We can take this example and apply it to the PMR. My experience of sitting on the PMR was listening to people who wanted investment create their own data and scenarios and presented it back to the group. This caused problems on three fronts, namely that the better the numbers the greater chance they were going to receive that investment; the numbers they gave were not verified and they were not from an independent source.

Implementing a data science team methodology allows for an independent view of the potential success of new product launches and trade-ups.

Demand Management Review

Advanced analytics such as machine learning and robotics process automation rely on numerous transactions and programming to turn historical data into future allocations and predictions. Much the same as statistical forecasting, machine learning will work with the data and experts, such as demand managers, to start learning the algorithms and patterns to predict future outcomes. We started deploying machine learning in another part of the business on our financial forecast, the test showed an increase in accuracy to 95% and so they started rolling it out across the globe.

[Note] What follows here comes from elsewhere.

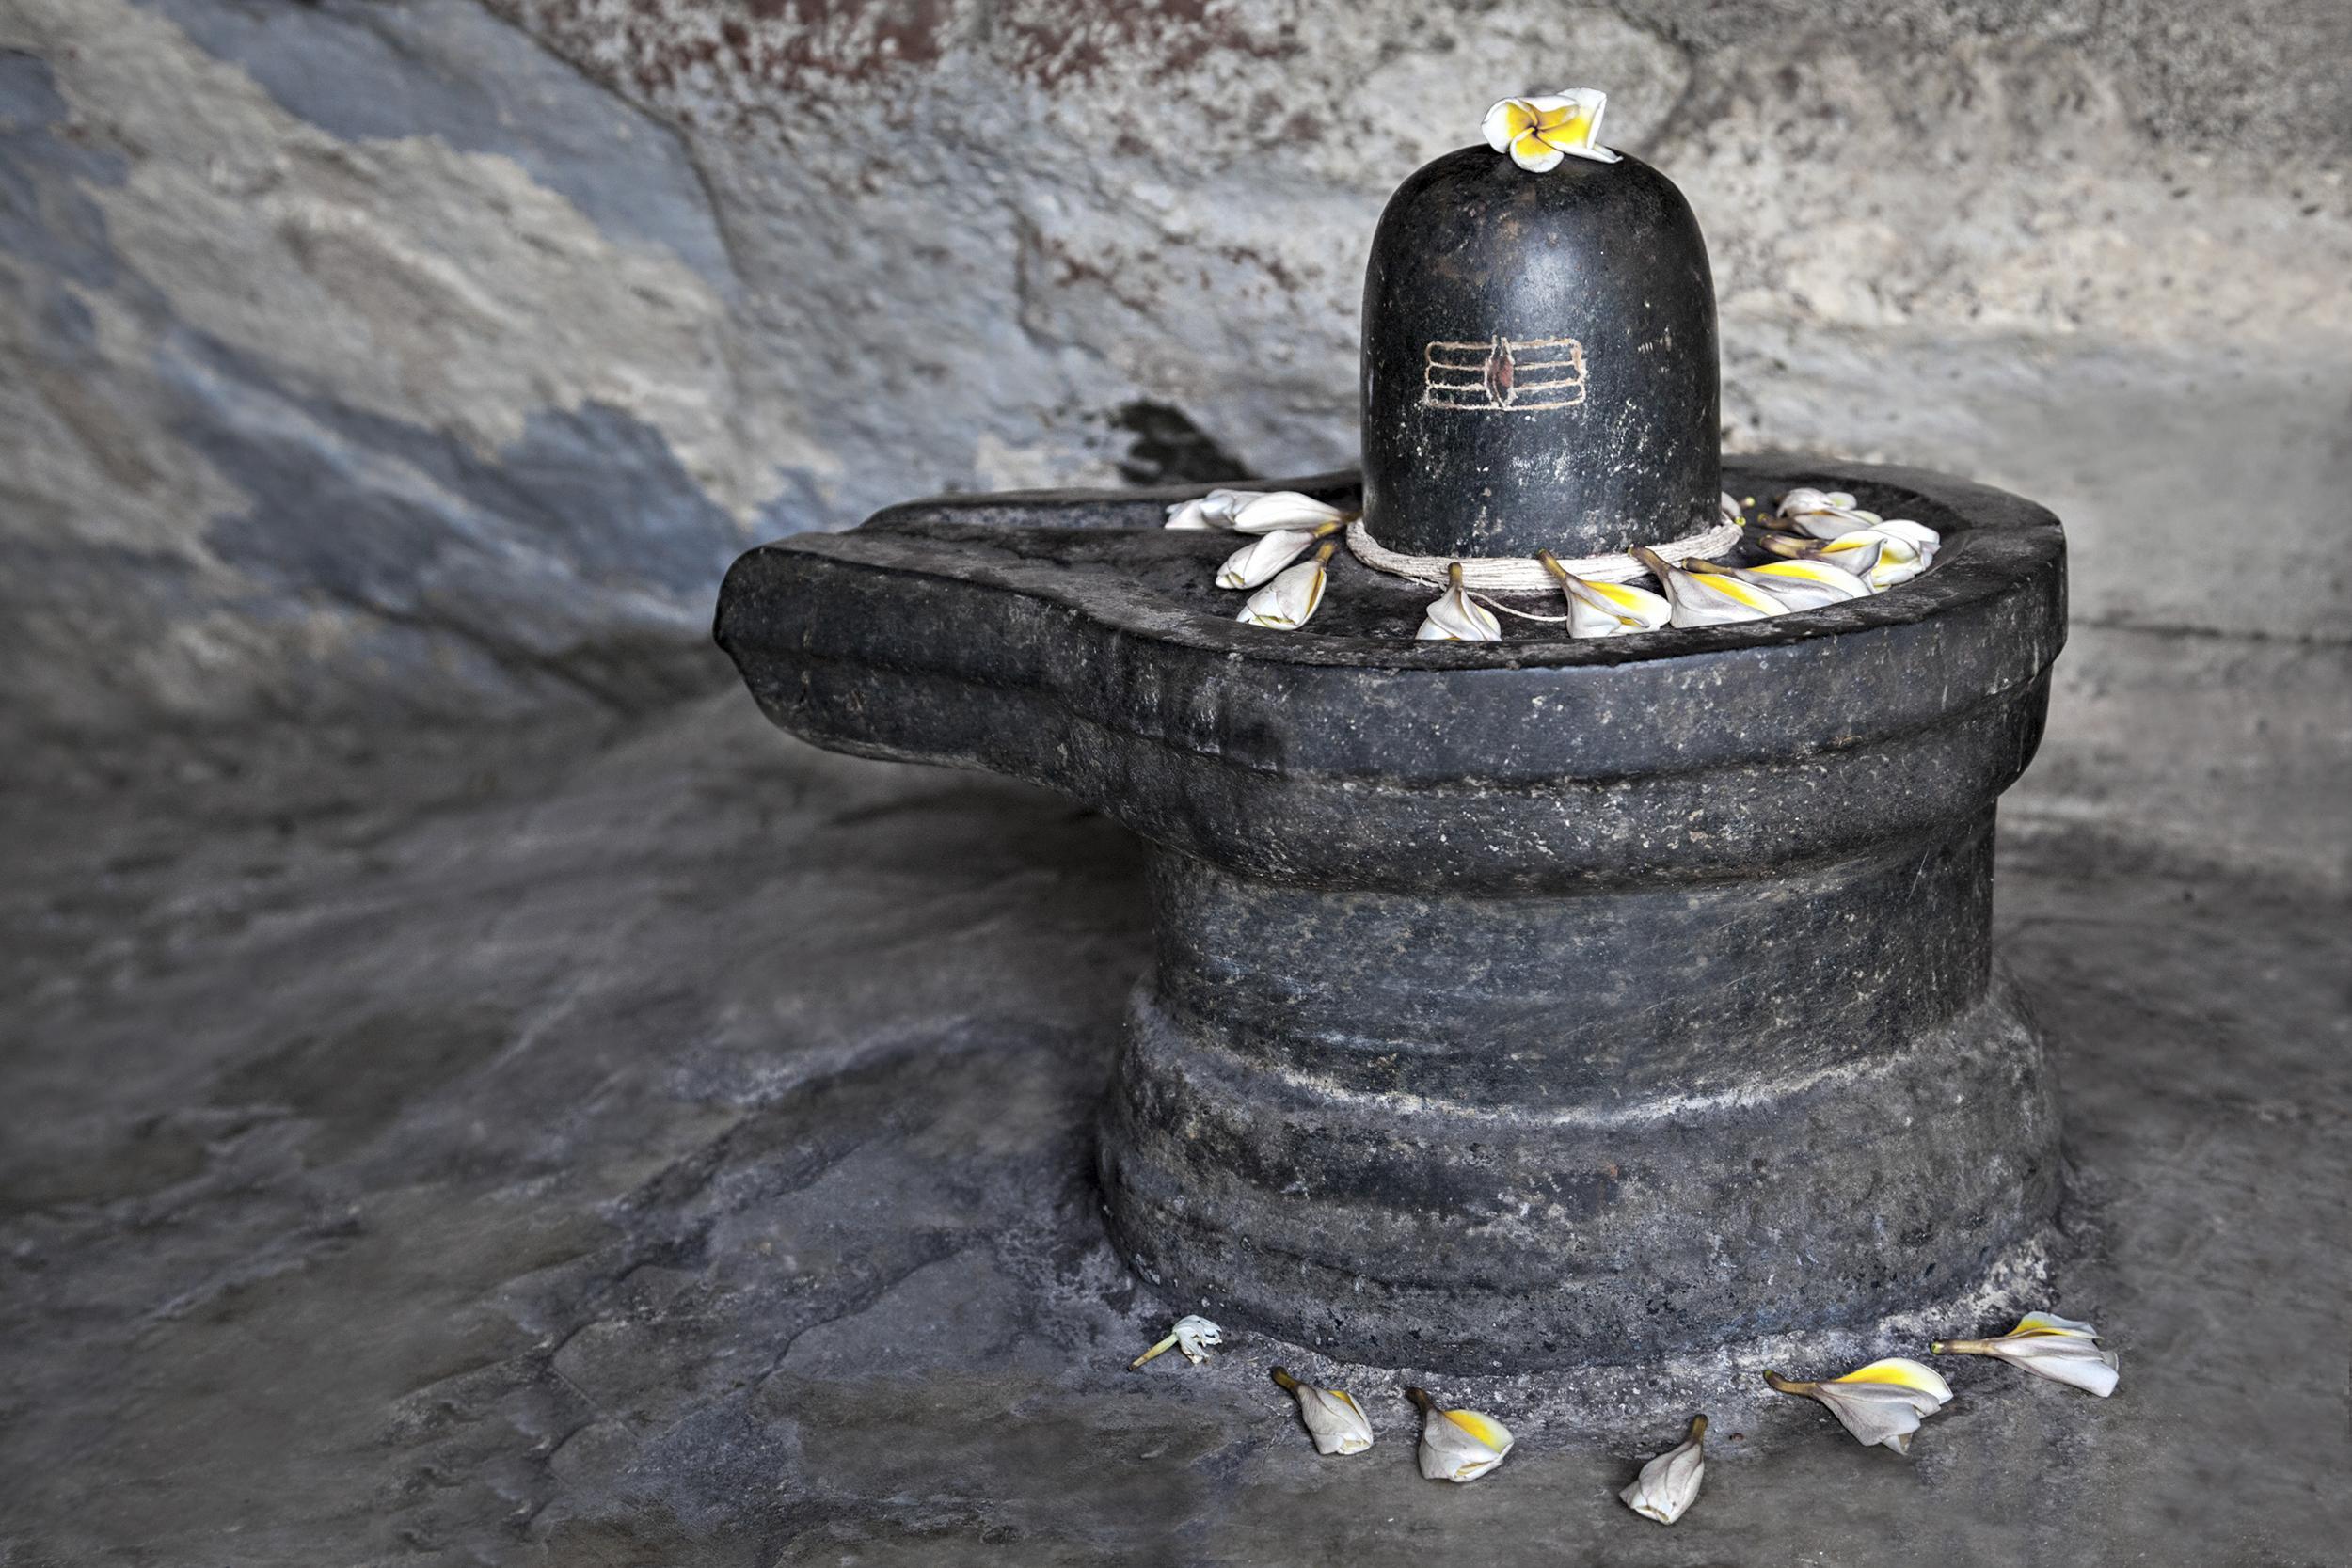 Bhakti brings Happiness: A discourse by Jagadguru Sri Abhinava Vidyatirtha

Utilising current technologies you could build a machine learning algorithm to derive a forecast of high accuracy and remove a majority of demand management teams. The data can then be built into visualisations that can be interacted with sales teams to help provide indicators of change.

Supply Management Review

Following on from the DMR, robotics process automation can take the data and allocate it automatically to create the supply plan adherence schedule. It can use machine learning to allocate safety stock levels and provide suppliers with requests for raw materials. As AI grows you can then start deploying

The data science can look at risks and opportunities to provide further insight to the SMR, with standard analytics bringing it all together in visualisations for the management team.

 

Summary

Many organisations are embracing the digital transformation with increased demand for Chief Data Officer’s and utilisation of data becoming part of the normal course of business in this fast changing environments. Many businesses, including those from a data background, are having to change the way they operate to take advantage and stay relevant in this new digital world. I

When I started out on the journey of IBM it would have been of great advantage if their could have been a digital offer alongside the process as it slowed us down greatly in deployment as we designed it, learnt from it and built it. As we were also learning how to benefit from IBM.

In conclusion, it is my belief, that IBM can seize the opportunity to integrate their process with the data and introduce a new offer to build the data models, visualisations and teams to drive a digital IBM. This will allow IBM to remain current with changing practices and reliance on data and help businesses get to value more quickly, enhancing the partnership.